**RECORDED INFORMATION**
****
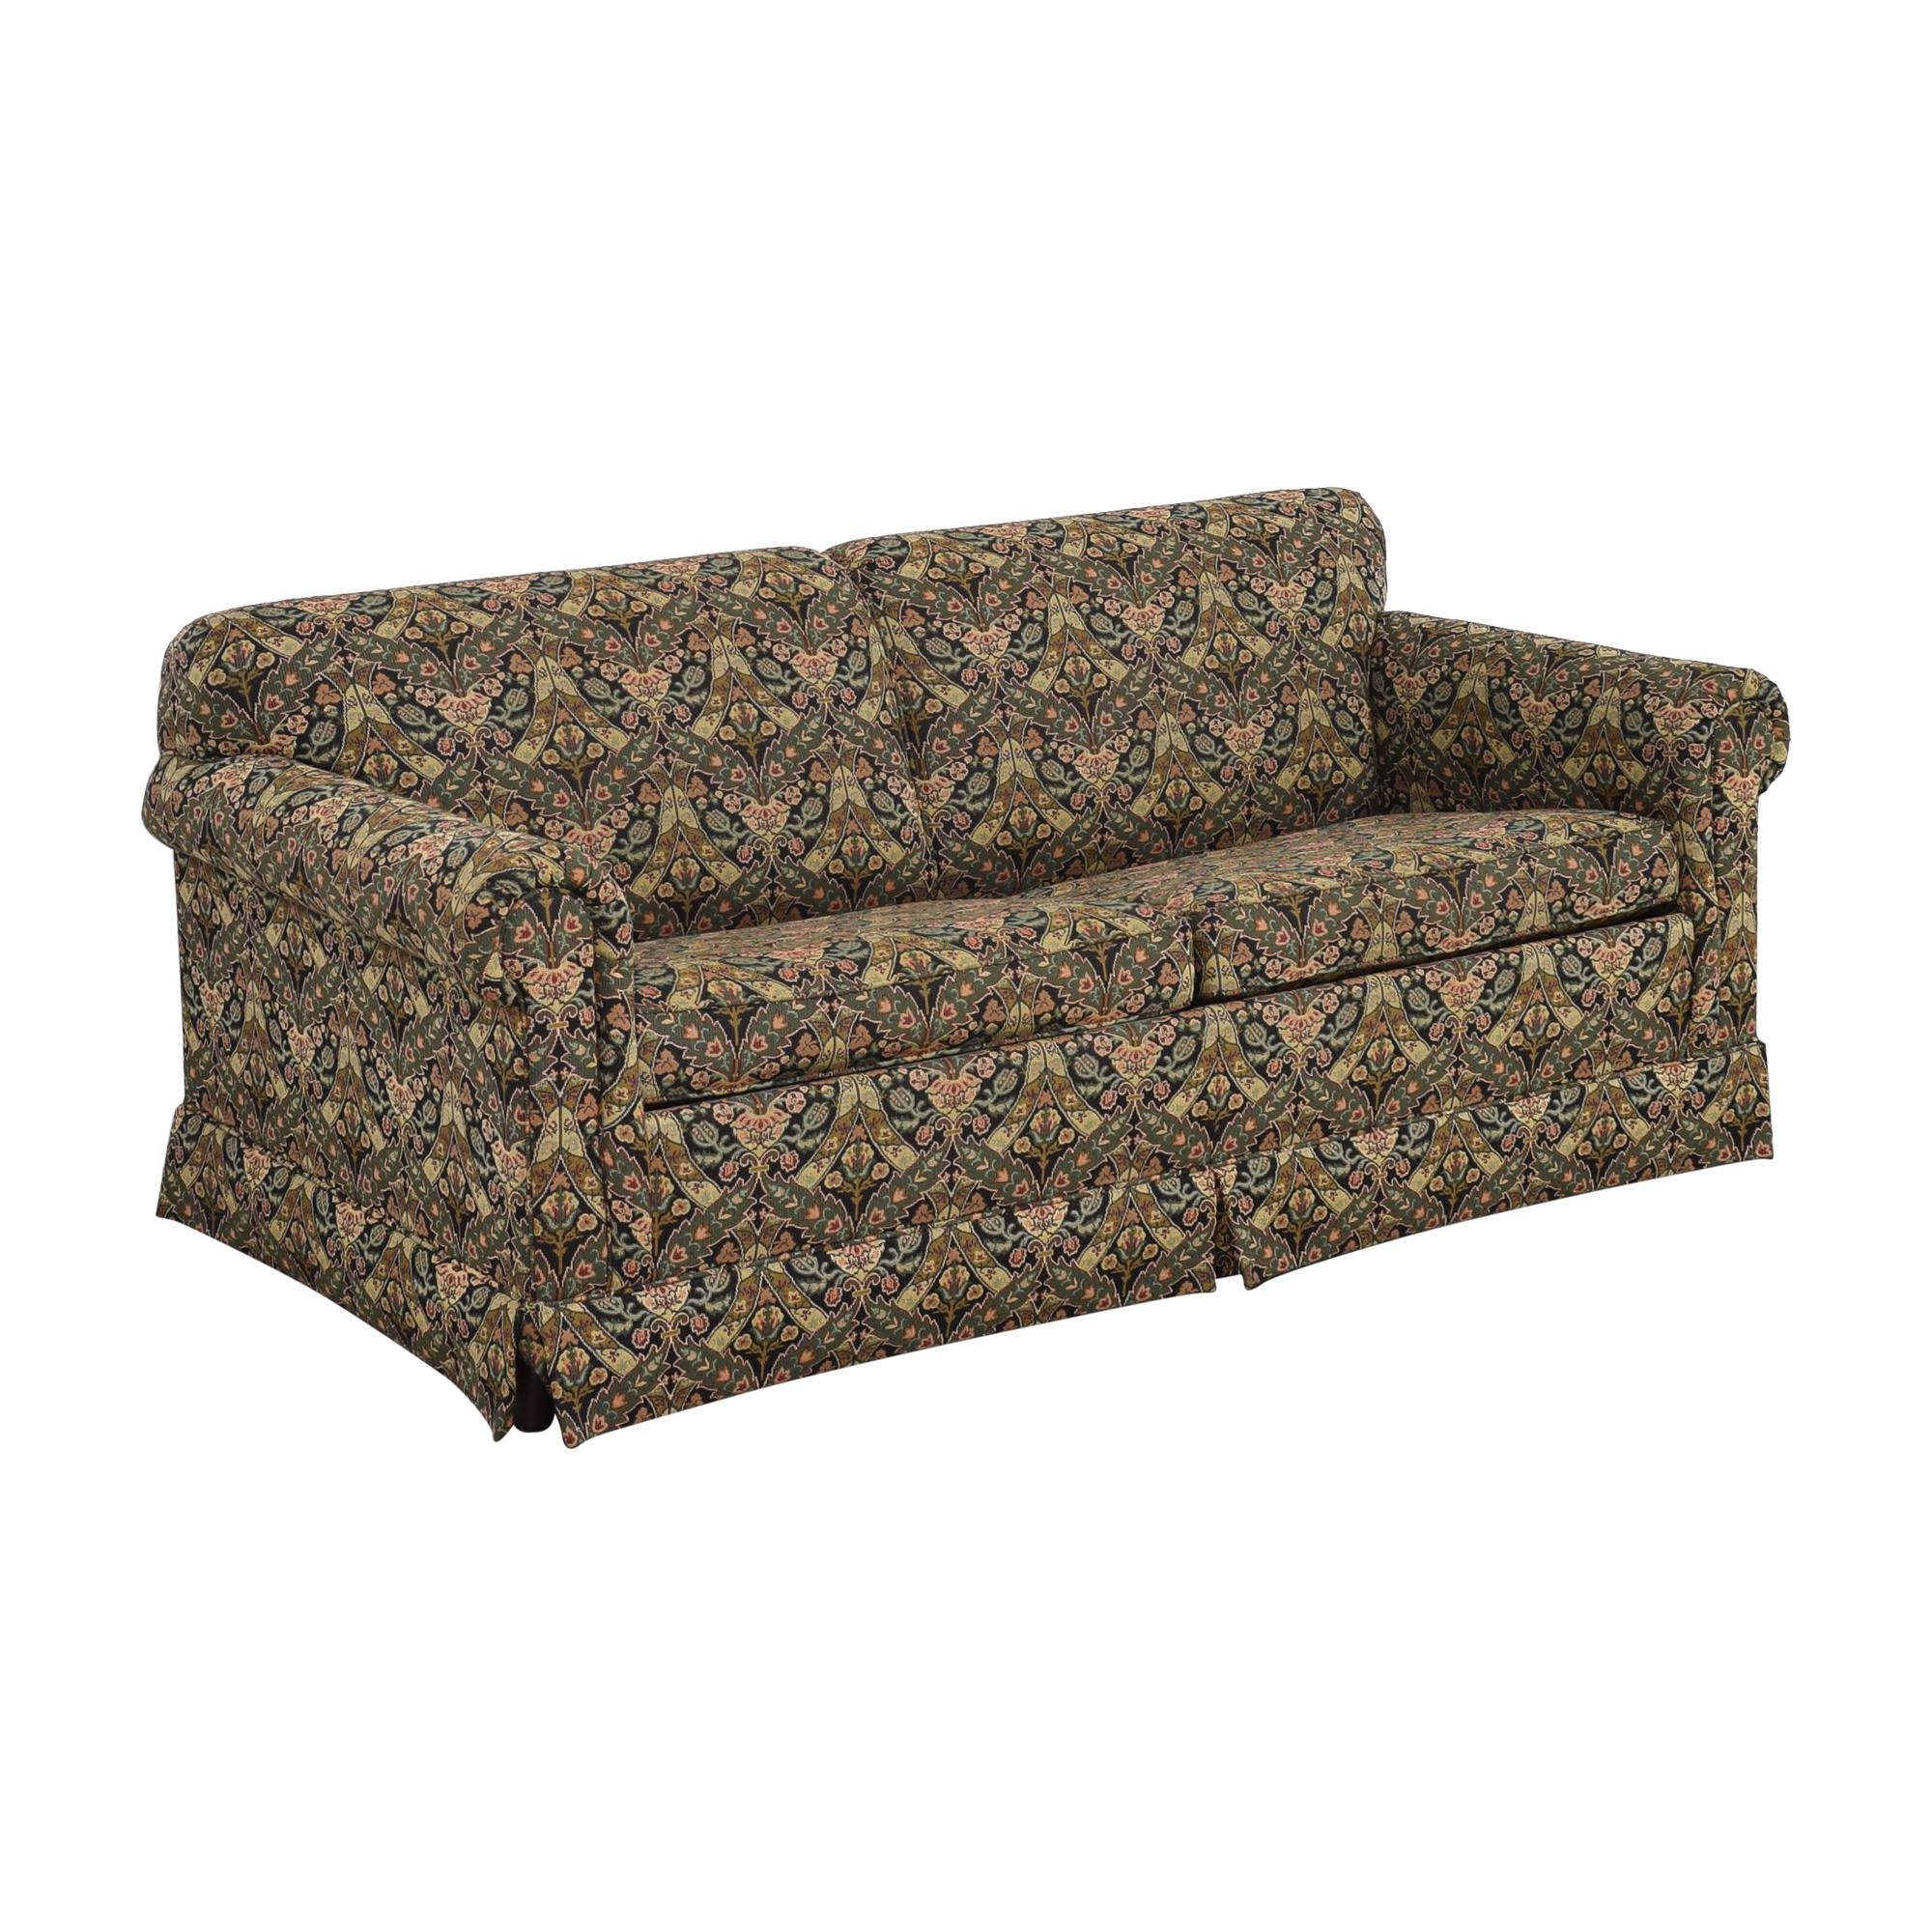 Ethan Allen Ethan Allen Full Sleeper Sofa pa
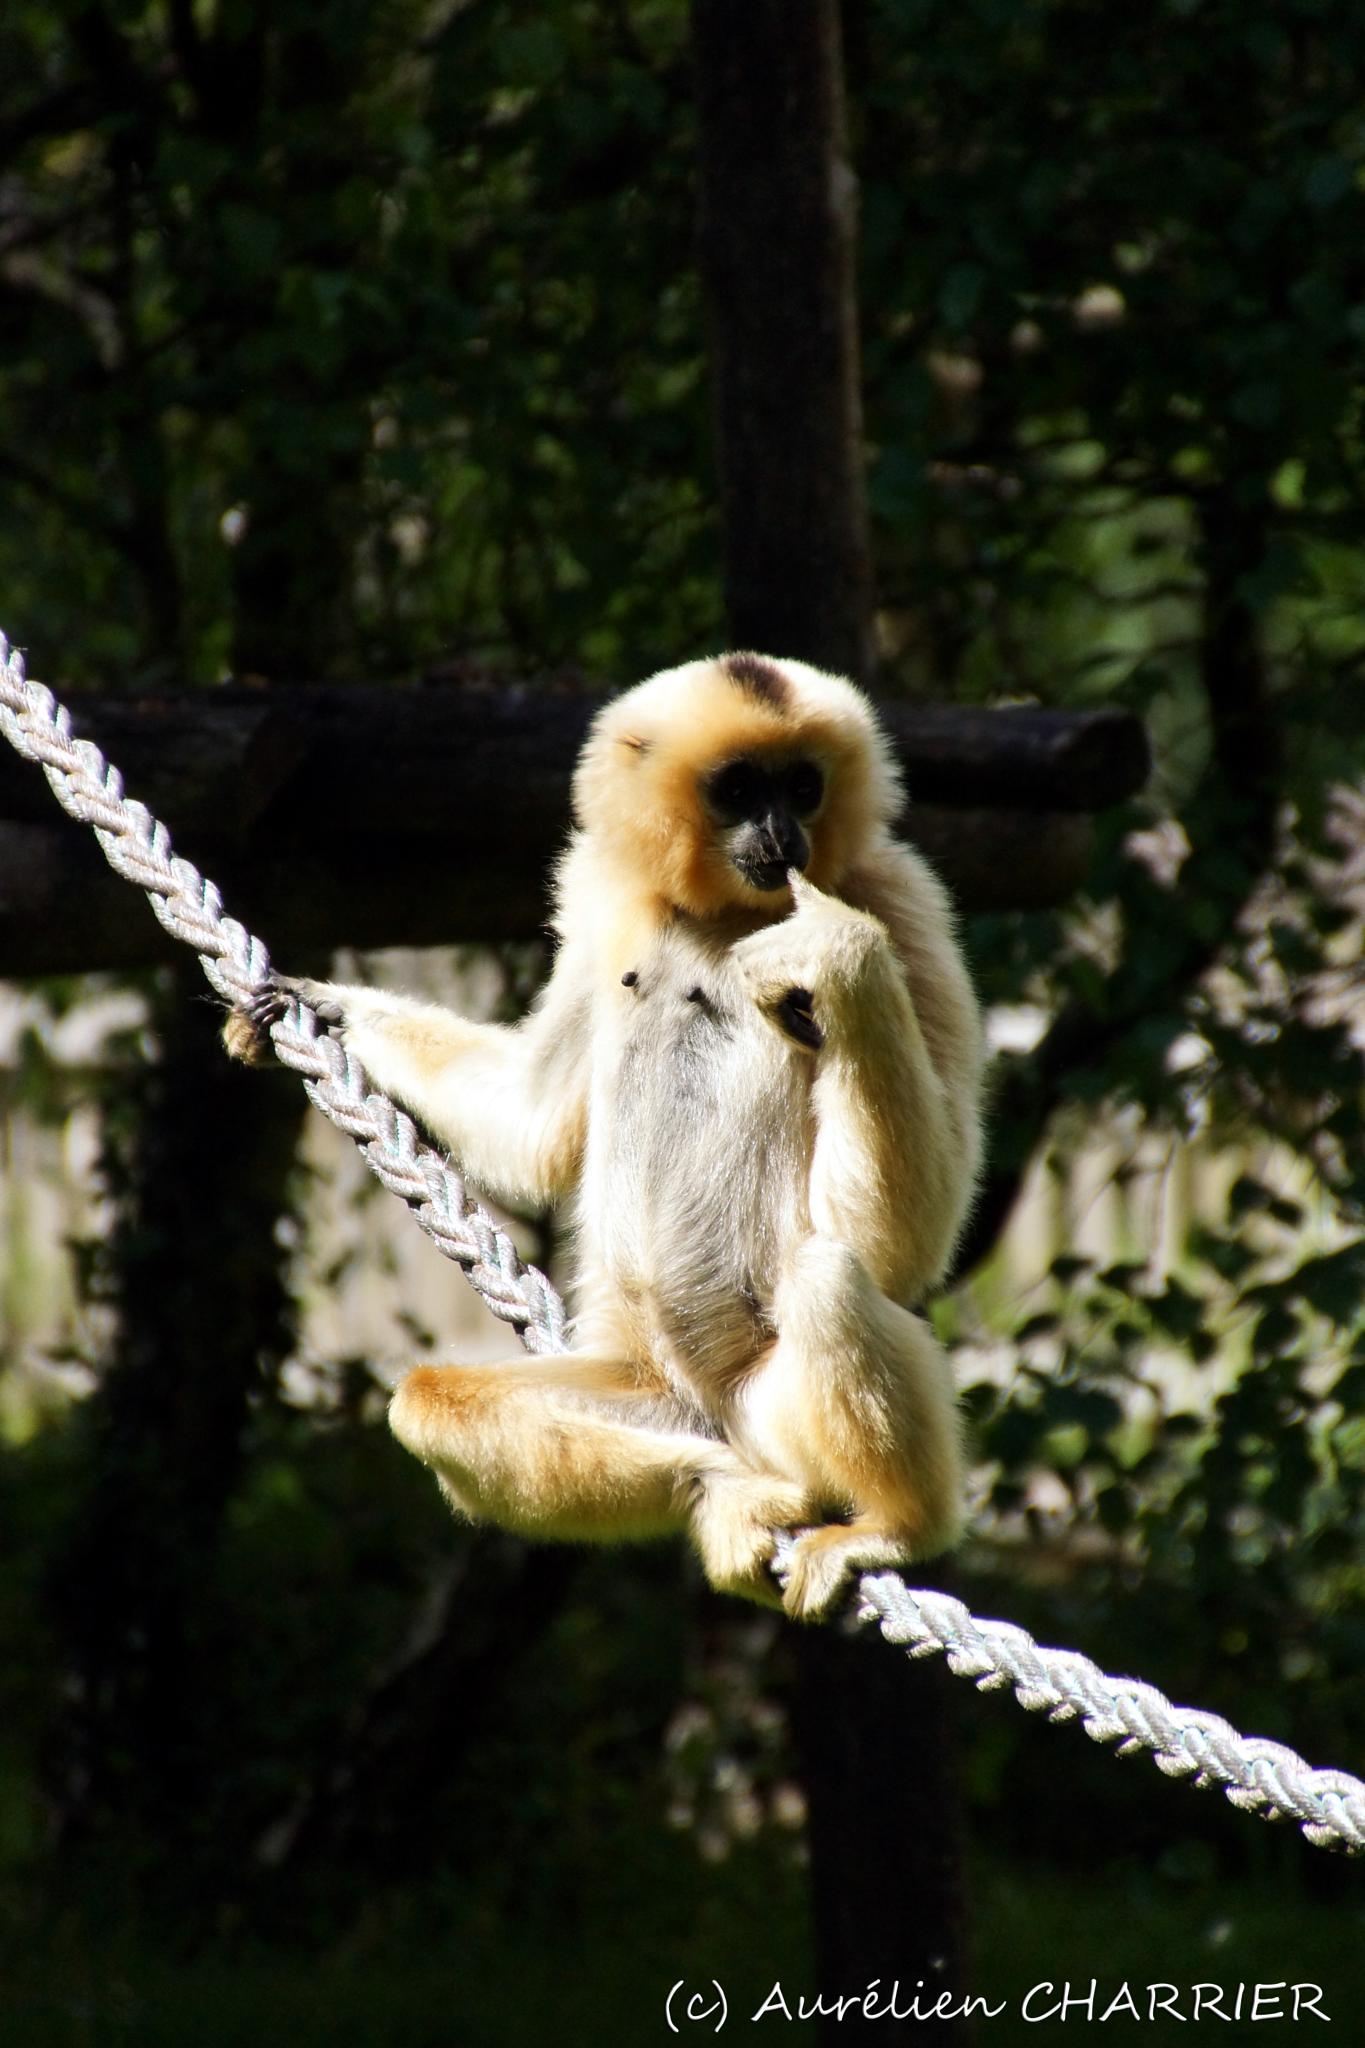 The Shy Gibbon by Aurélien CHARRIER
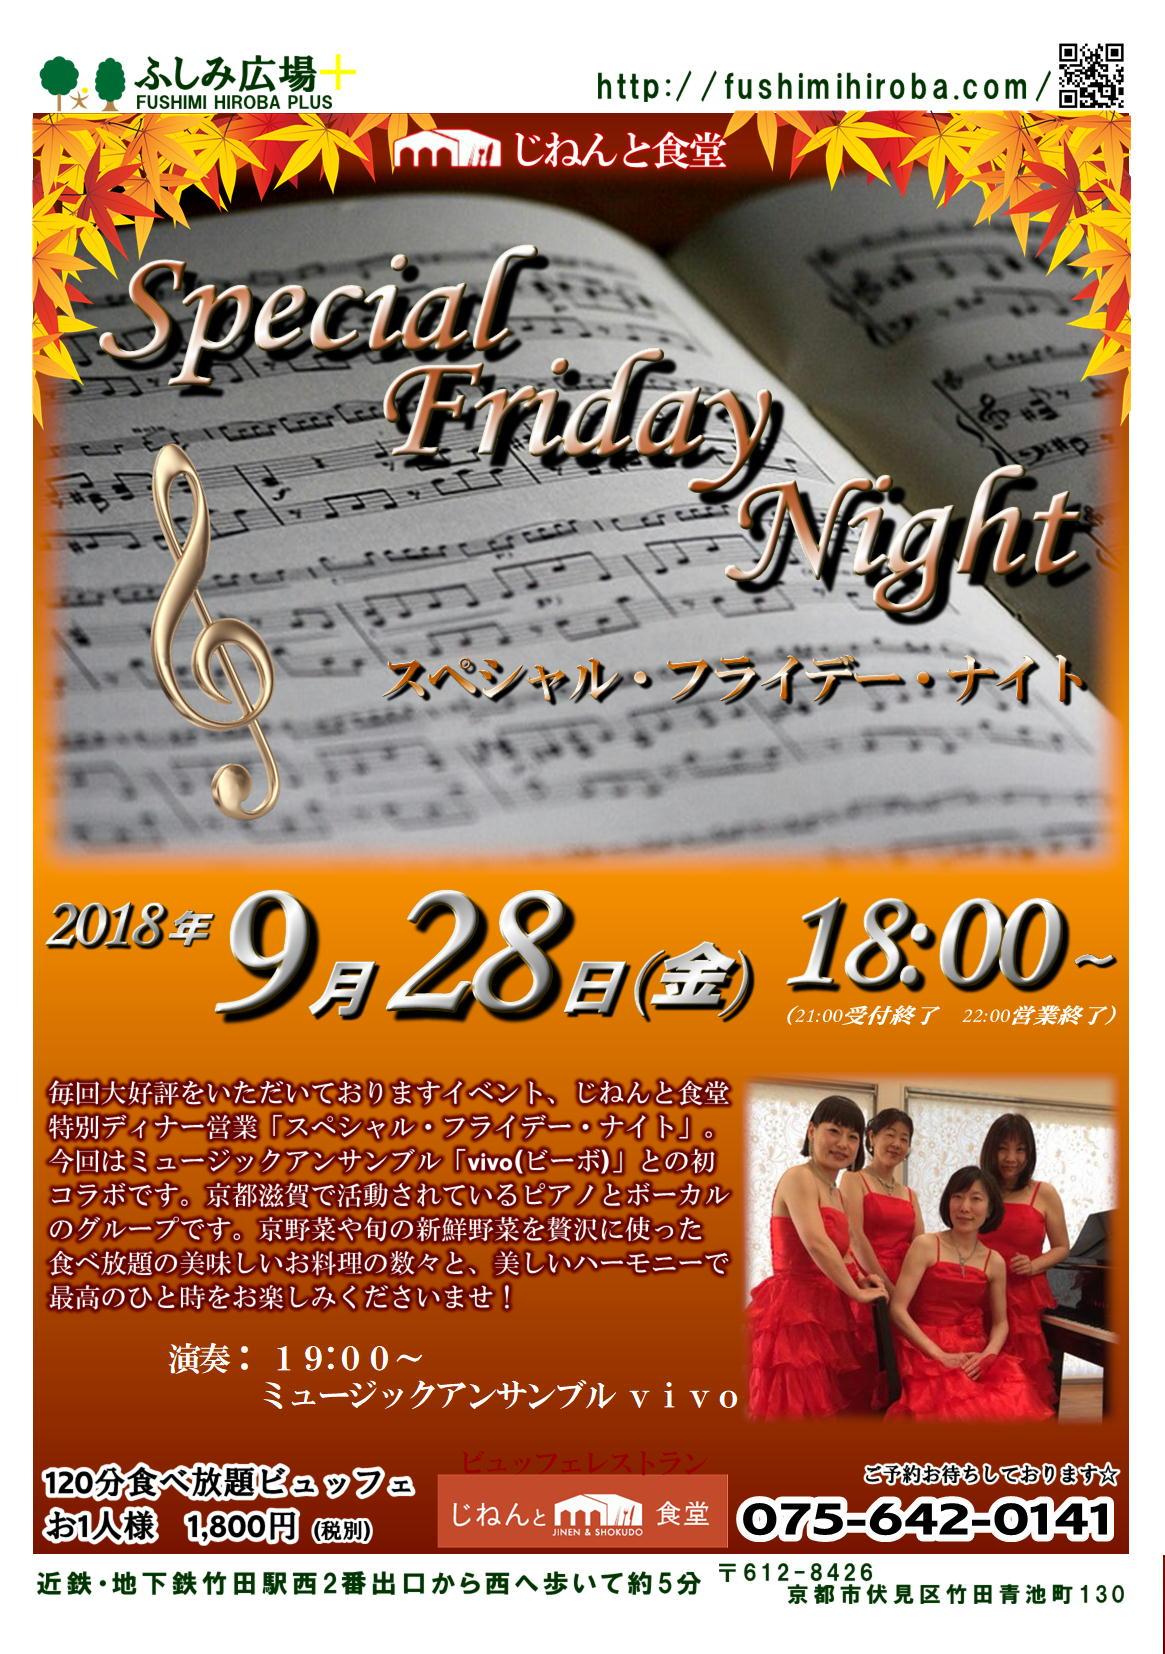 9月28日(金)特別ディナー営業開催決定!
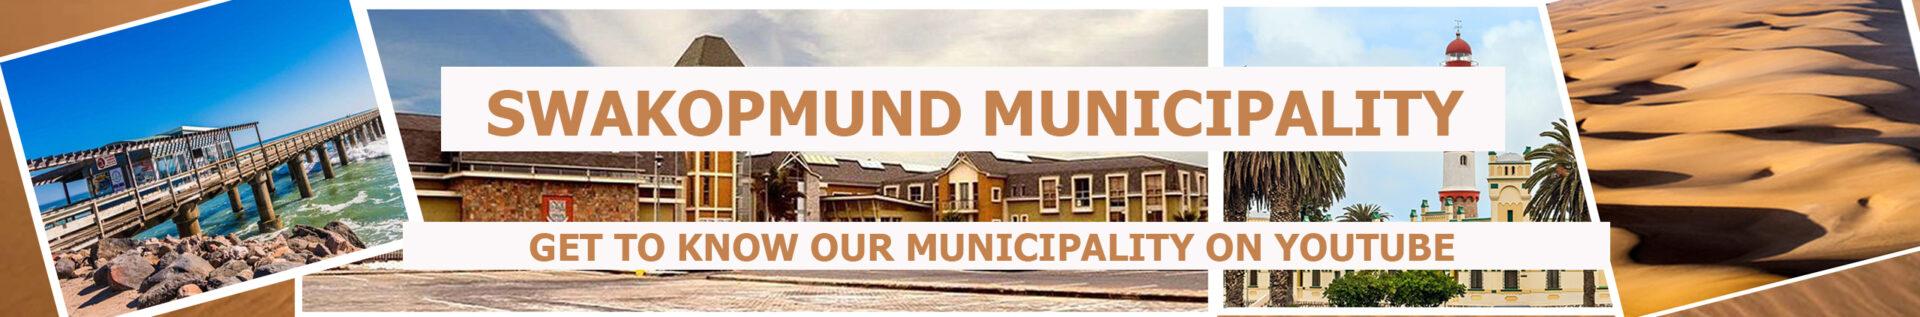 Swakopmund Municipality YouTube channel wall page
****
**REQUIRED ACTION**
The output must start at the line holding "The Shy Gibbon by Aurélien CHARRIER", end at the last line of the listing above, and show each line exactly; please omit all pictures.

**RESULT BELOW**
 The Shy Gibbon by Aurélien CHARRIER
 9月28日(金)特別ディナー営業開催決定!
 Swakopmund Municipality YouTube channel wall page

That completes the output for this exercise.